While Zorn would have us believe he is being frank in is advocacy on behalf of Quinn and journalism, his column is conceivably a camouflage to protect and defend an industry which has blossomed in Chicago over the past two decades.  Although Zorn would prefer readers believe Quinn and Schmidle are victims unnecessarily swept up in a federal lawsuit, the central figures in the pending lawsuit filed by Hood are 11 Chicago police officers.  Predictably, the basis of Hood’s lawsuit alleges police coercion and brutality.  Given the fervor of Zorn’s response, his barefaced Left-wing dogma, and his dim view of Chicago police, it is far more likely the thrust of Zorn’s column rests with his ardent desire to safeguard law firms which specialize in pursuing litigation against Chicago for alleged wrongful convictions or allegations of police misconduct.

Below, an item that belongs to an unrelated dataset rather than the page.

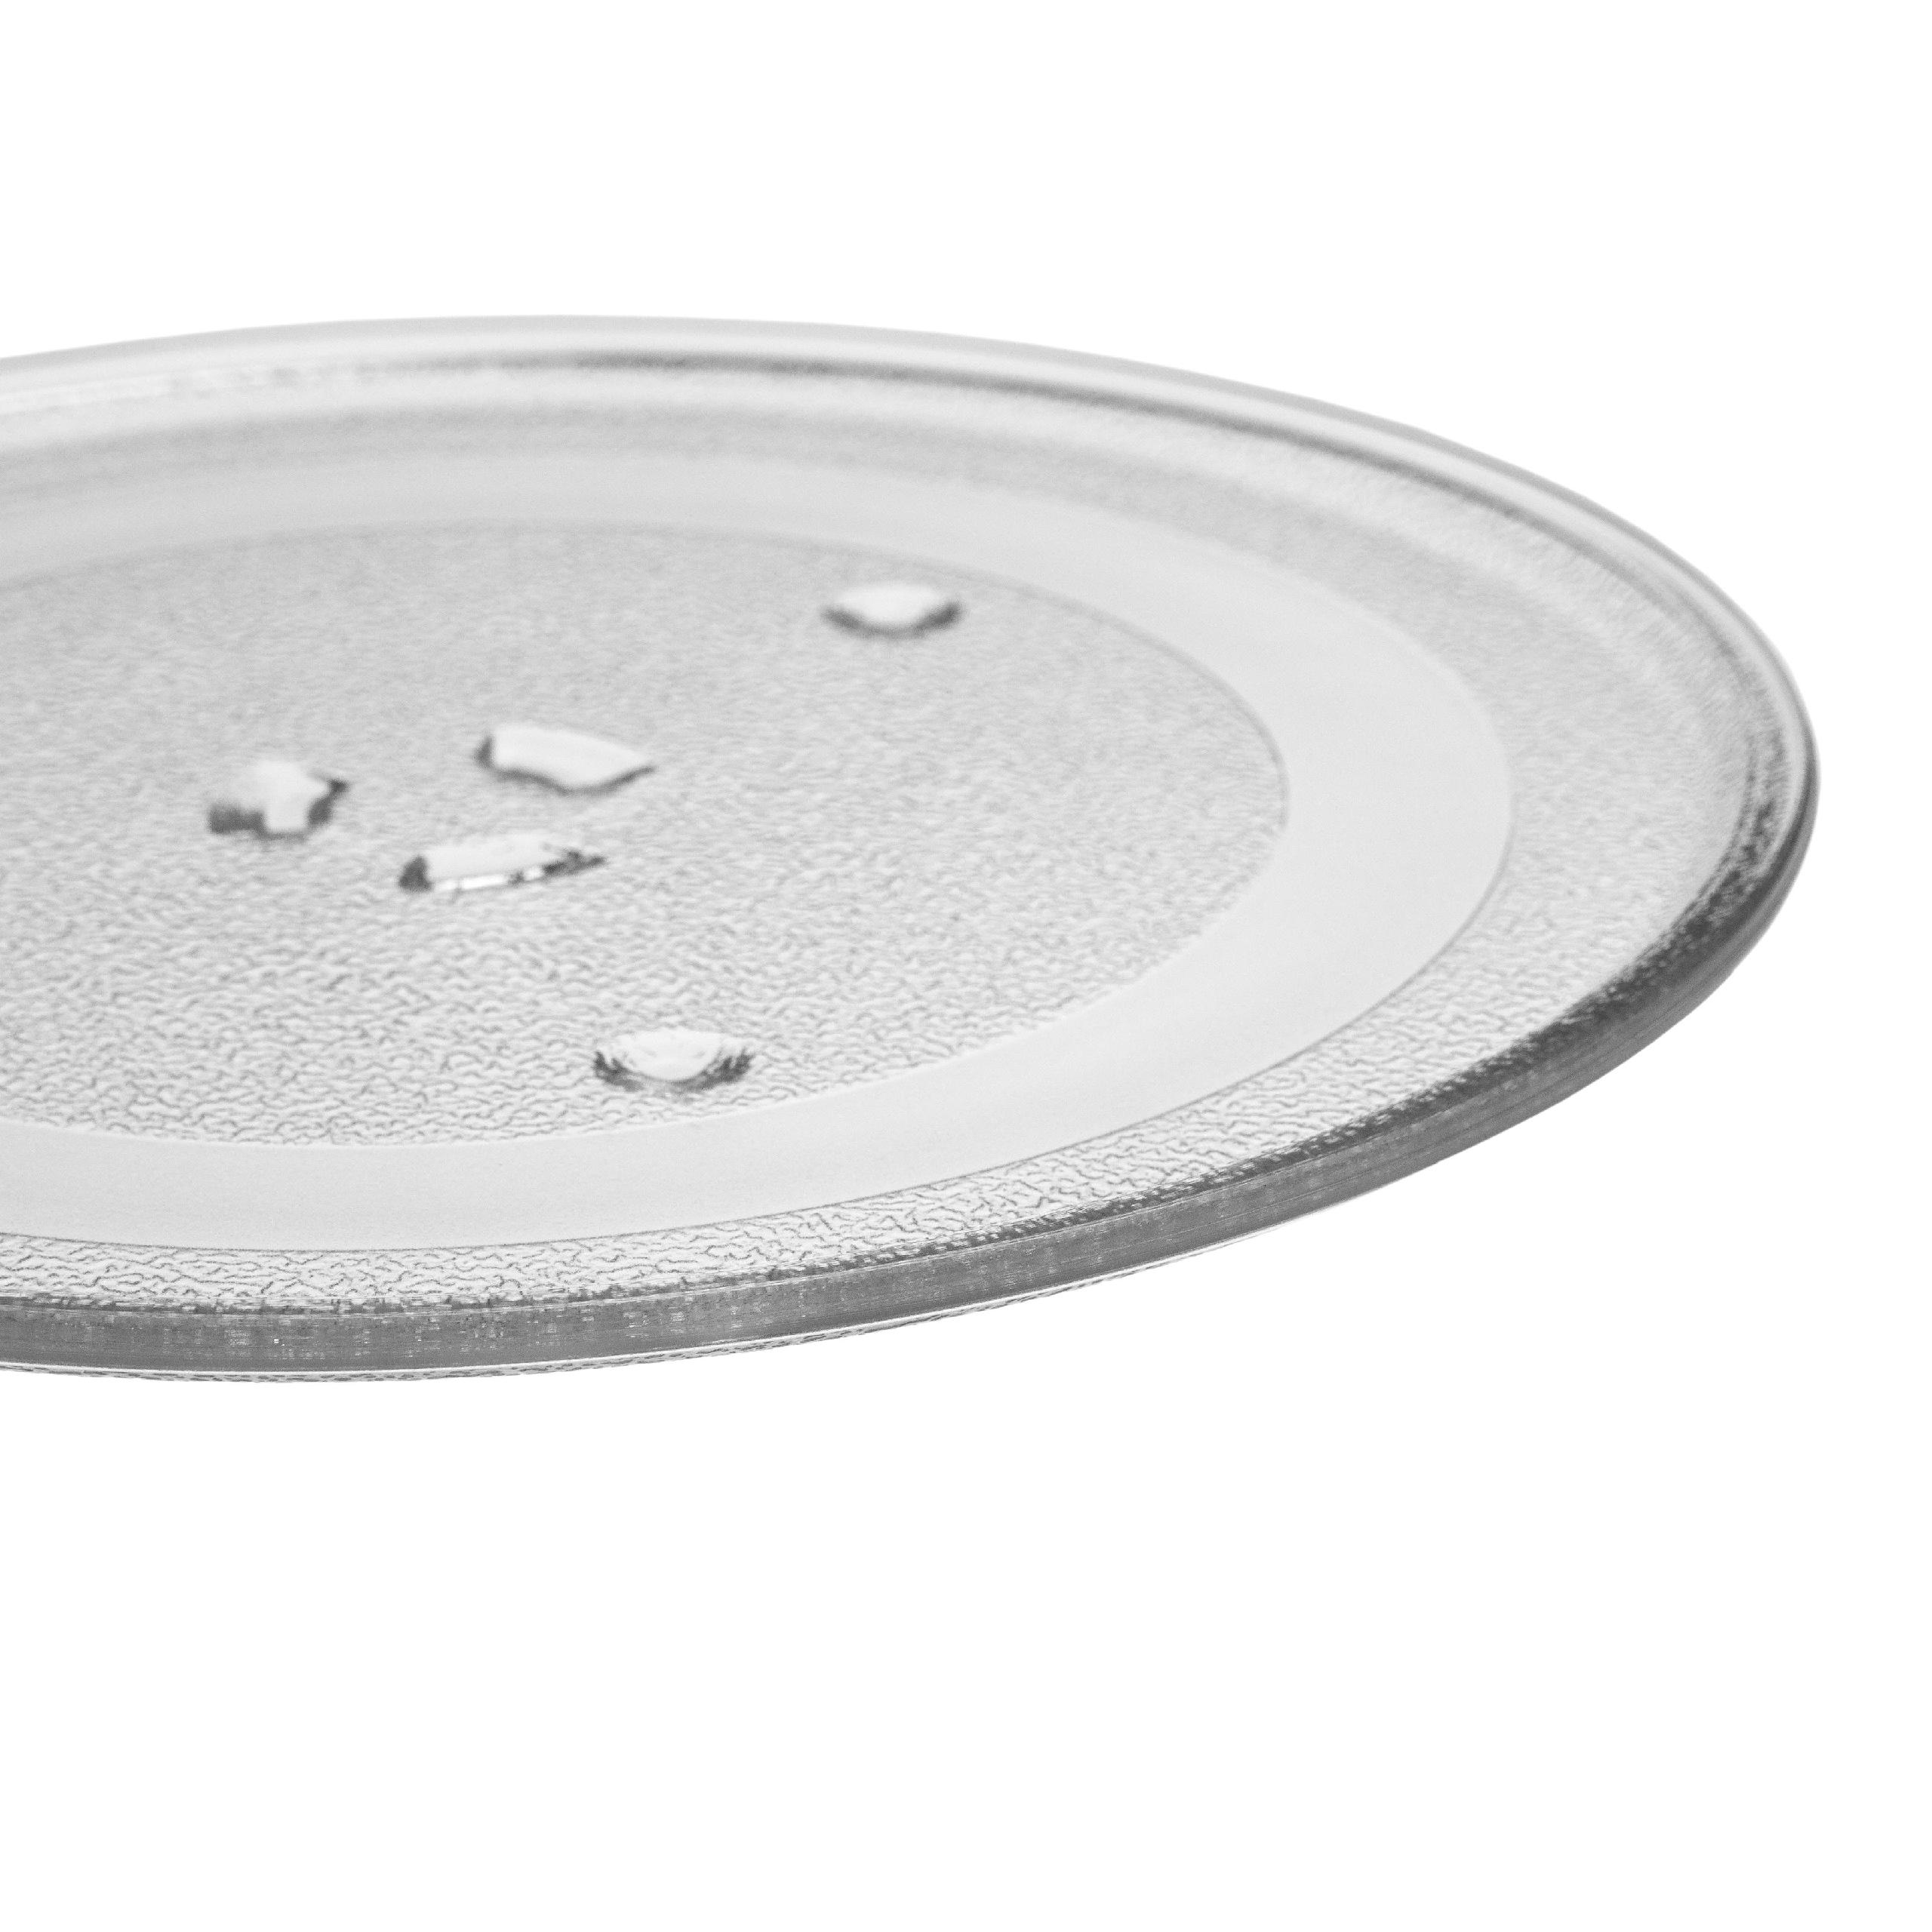 vidrio plato para microondas, plato giratorio de 28,8 cm para microondas Samsung CE1777 etc.

Although Zorn cleverly sidesteps mentioning this stealth enterprise, the sue-the-cops industry is lucrative and has enriched several law firms in the Windy City.  Largely the outgrowth of the social grievance culture, the sue-the-cops industry sprang from the ideal of “social justice,” which is, at maximum, a partial and subjective version of real justice.  Mooring themselves to the commotion agitated by criminal reform or restorative justice movements, these supposed “civil rights” law firms have successfully depicted habitual criminals as tragic figures as opposed to violent criminals incarcerated for their deliberate involvement in heinous crimes.  In the manic quest to achieve “social justice,” unscrupulous attorneys deceive the public by portraying violent felons who double as accomplished liars as victims who patiently bore injustices with fortitude.  For their pitiless negotiating tactics, deviousness, and tears, these same perfidious attorneys win the argument and multi-million-dollar settlements are handed down to unworthy clients.

While the whole of the legal profession has been generally and rightly maligned, trial lawyers most prominently, the nominal civil-rights law firms have tended to avoid any serious scrutiny for the reason they have been remarkably successful at portraying their particular area of practice as defending the weak, vulnerable, persecuted, and powerless.  Unfortunately, a consequence of their exertion is the creation of an environment in which the rights of those guilty of serious crimes have overtaken the rights of and compassion for genuine victims of crimes and justice itself.  Worse, although these “civil rights” law firms pose as new-age guardians of justice, they are motivated in part by greed and have lined their firms’ pockets at Chicago taxpayers’ expense.

A man fond of using his space in the Tribune as a diversion, Eric Zorn is free to use his column any way he chooses.  While Zorn laments the subpoenas issued to a bumbling ex-governor and an aspiring journalist as “poorly disguised” attempts to intimidate future governors from exercising the authority of office and journalists from investigative work, his column is a poorly disguised attempt to protect a ravenous legal machine devouring city tax dollars.  The problem, of course, is by using his column to surreptitiously defend law firms which are invested in assisting the so-called wrongfully convicted is Zorn has effectively become a defender of a culture which ignores victims of gruesome crimes, a public-relations machine for the sue-the-cops industry, and a compliant stooge of law firms which are draining Chicago of revenue.

Eric Zorn may have heard what Pat Quinn had to say, but in all probability Zorn was listening to a bunch of dishonorable lawyers.